■ TASK INSTRUCTIONS: The answer consists solely of the lines running from the one with "Alexander mcqueen Exaggerated-sole" through the final line below, transcribed exactly and without any pictures.

■ STORED DATA:
○ ○ ○ ○

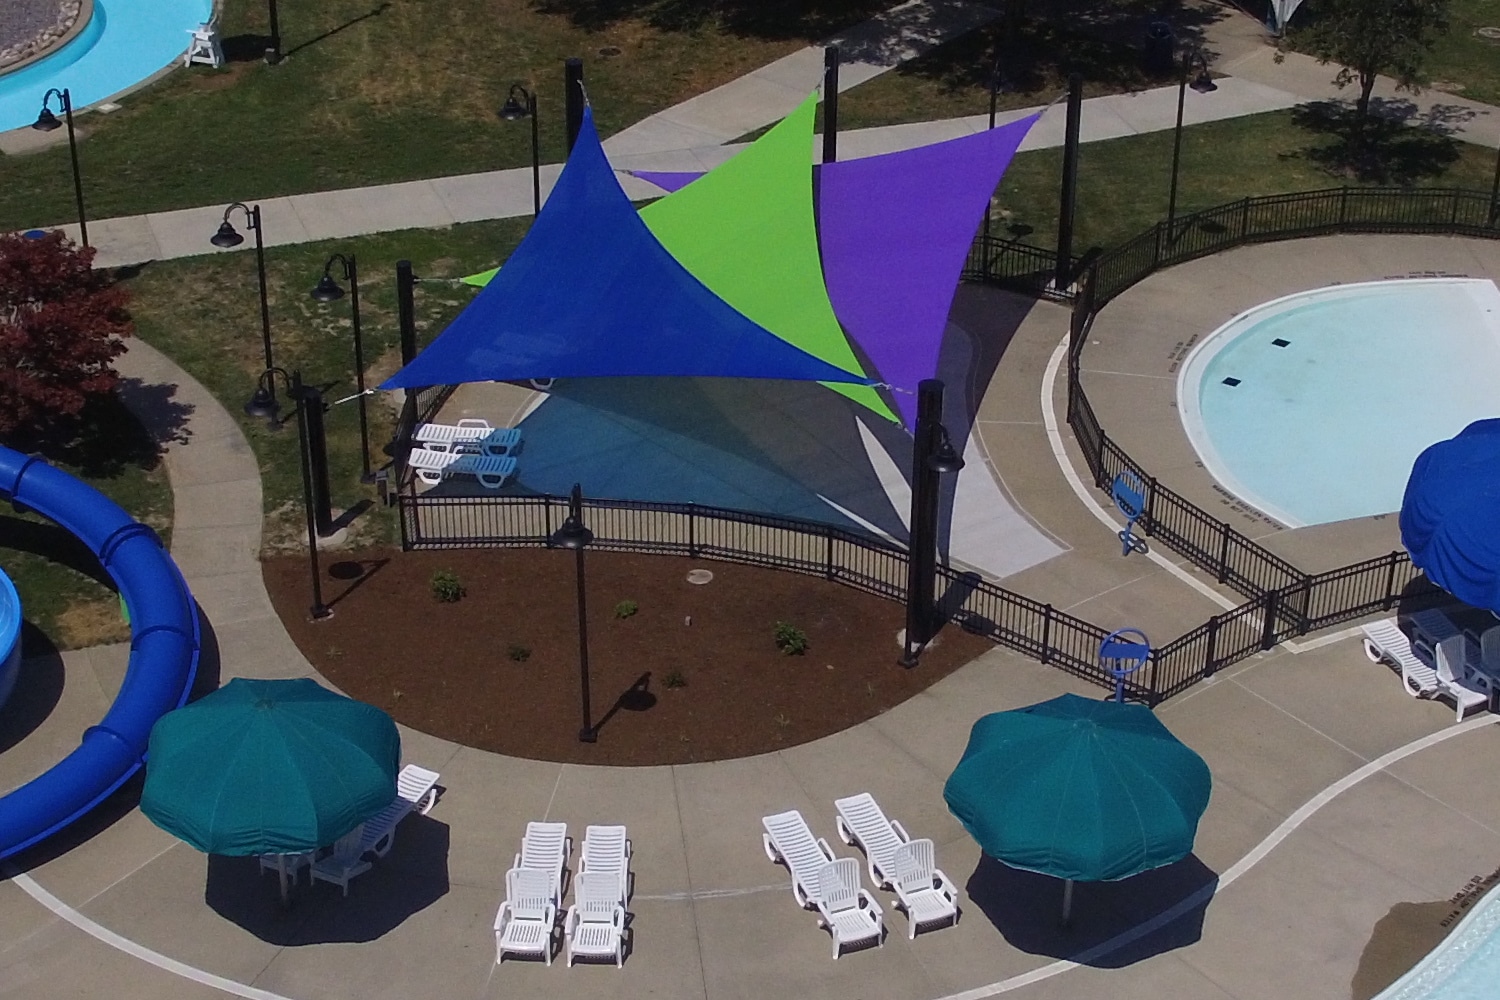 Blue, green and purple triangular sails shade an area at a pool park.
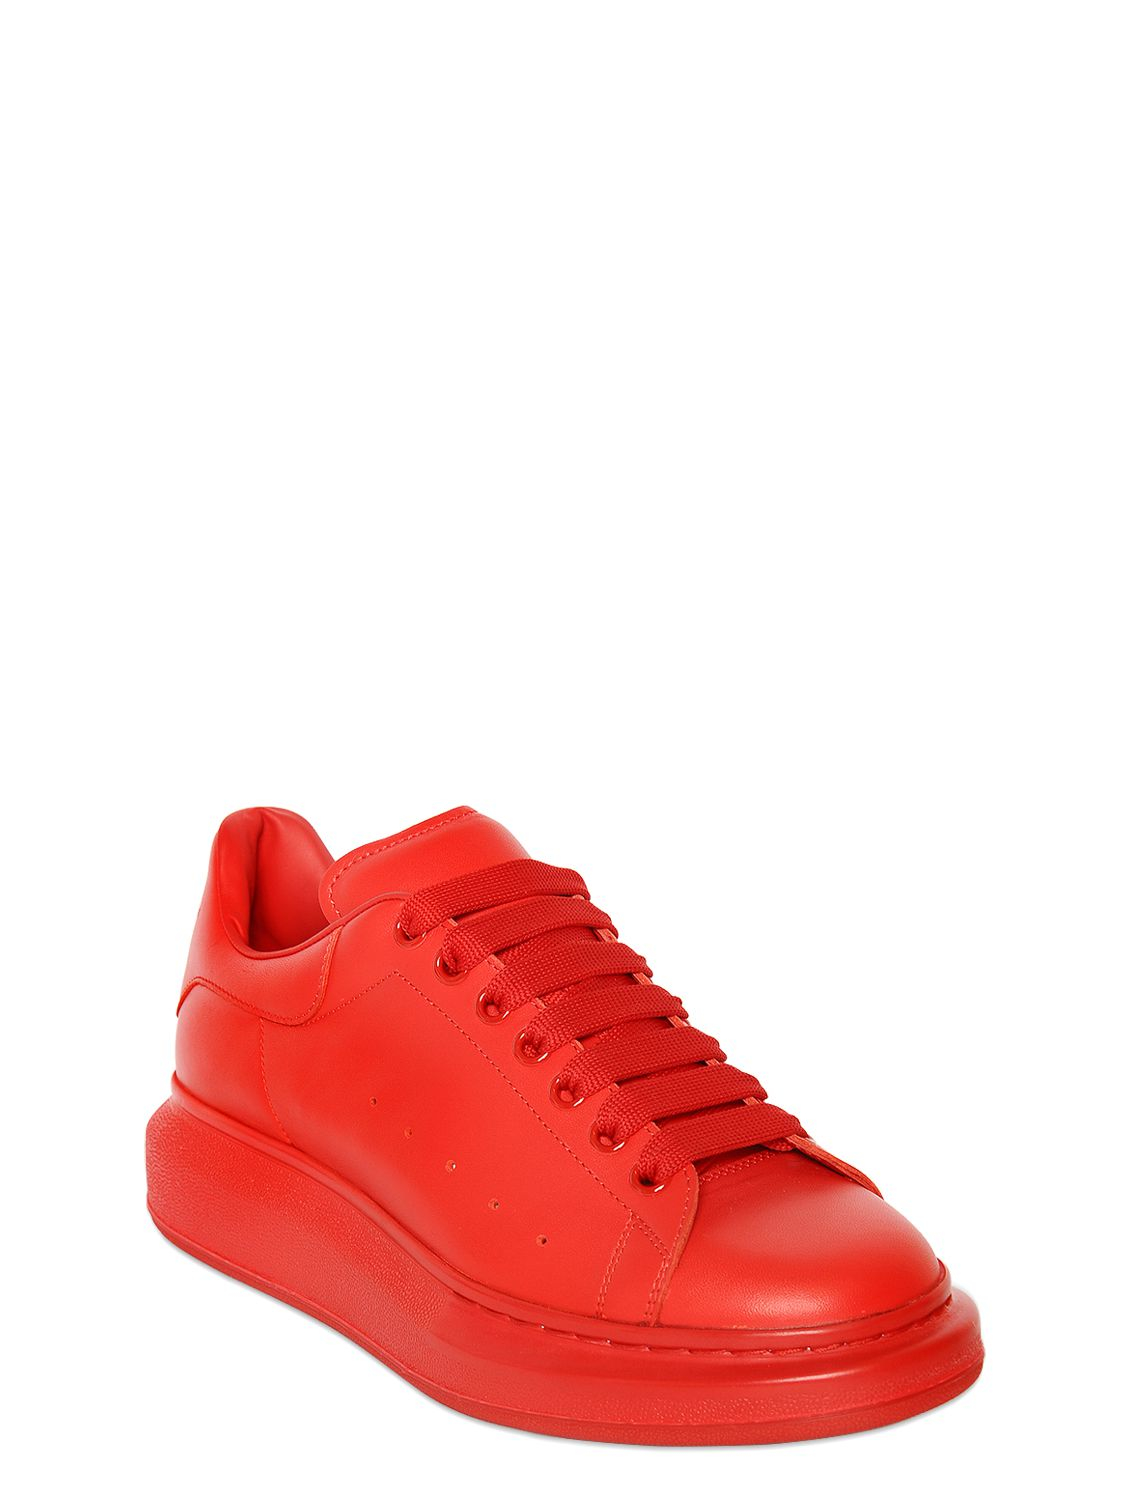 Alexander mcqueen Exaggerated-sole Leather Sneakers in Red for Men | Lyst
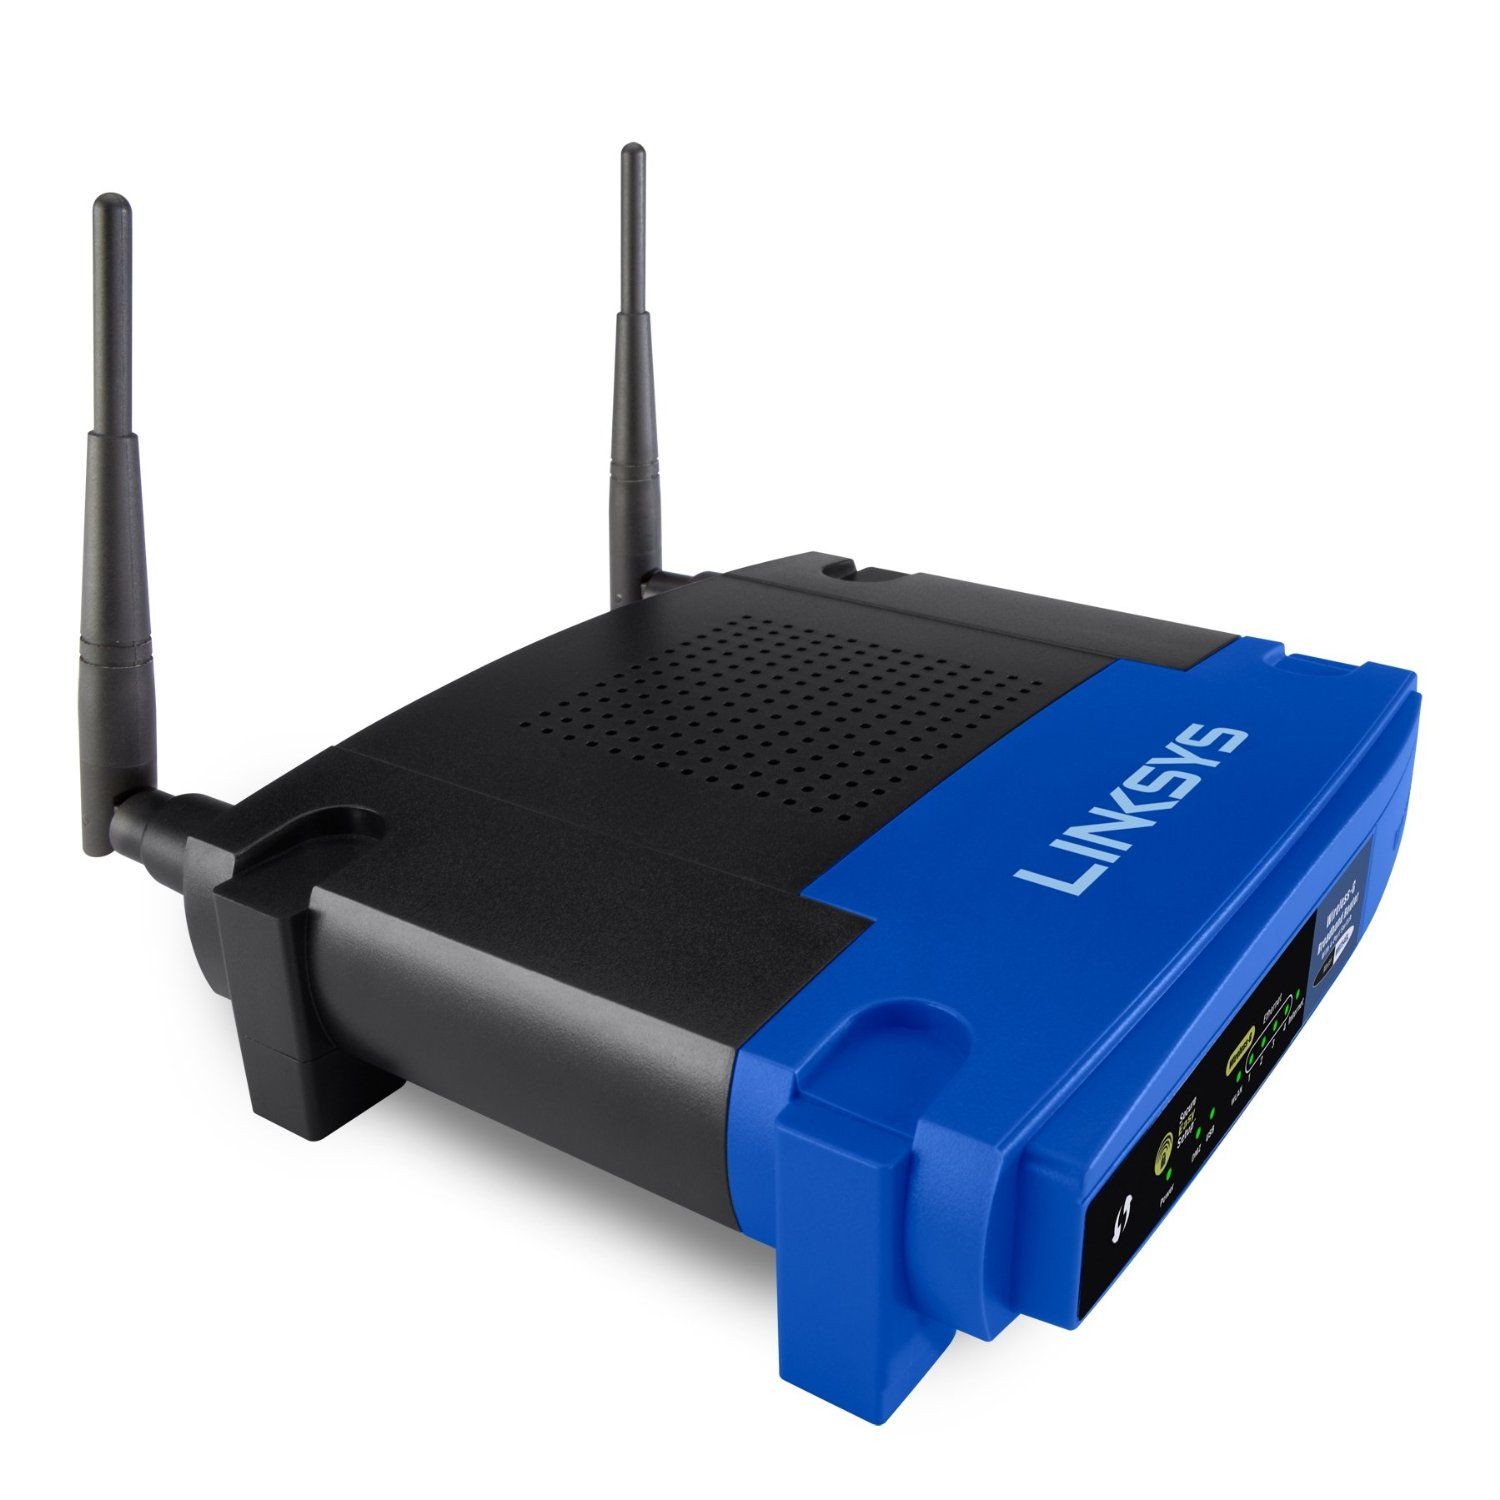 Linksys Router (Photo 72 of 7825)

○ ○ ○ ○

■ RESULT FOR THIS EXERCISE:
 Alexander mcqueen Exaggerated-sole Leather Sneakers in Red for Men | Lyst
 Linksys Router (Photo 72 of 7825)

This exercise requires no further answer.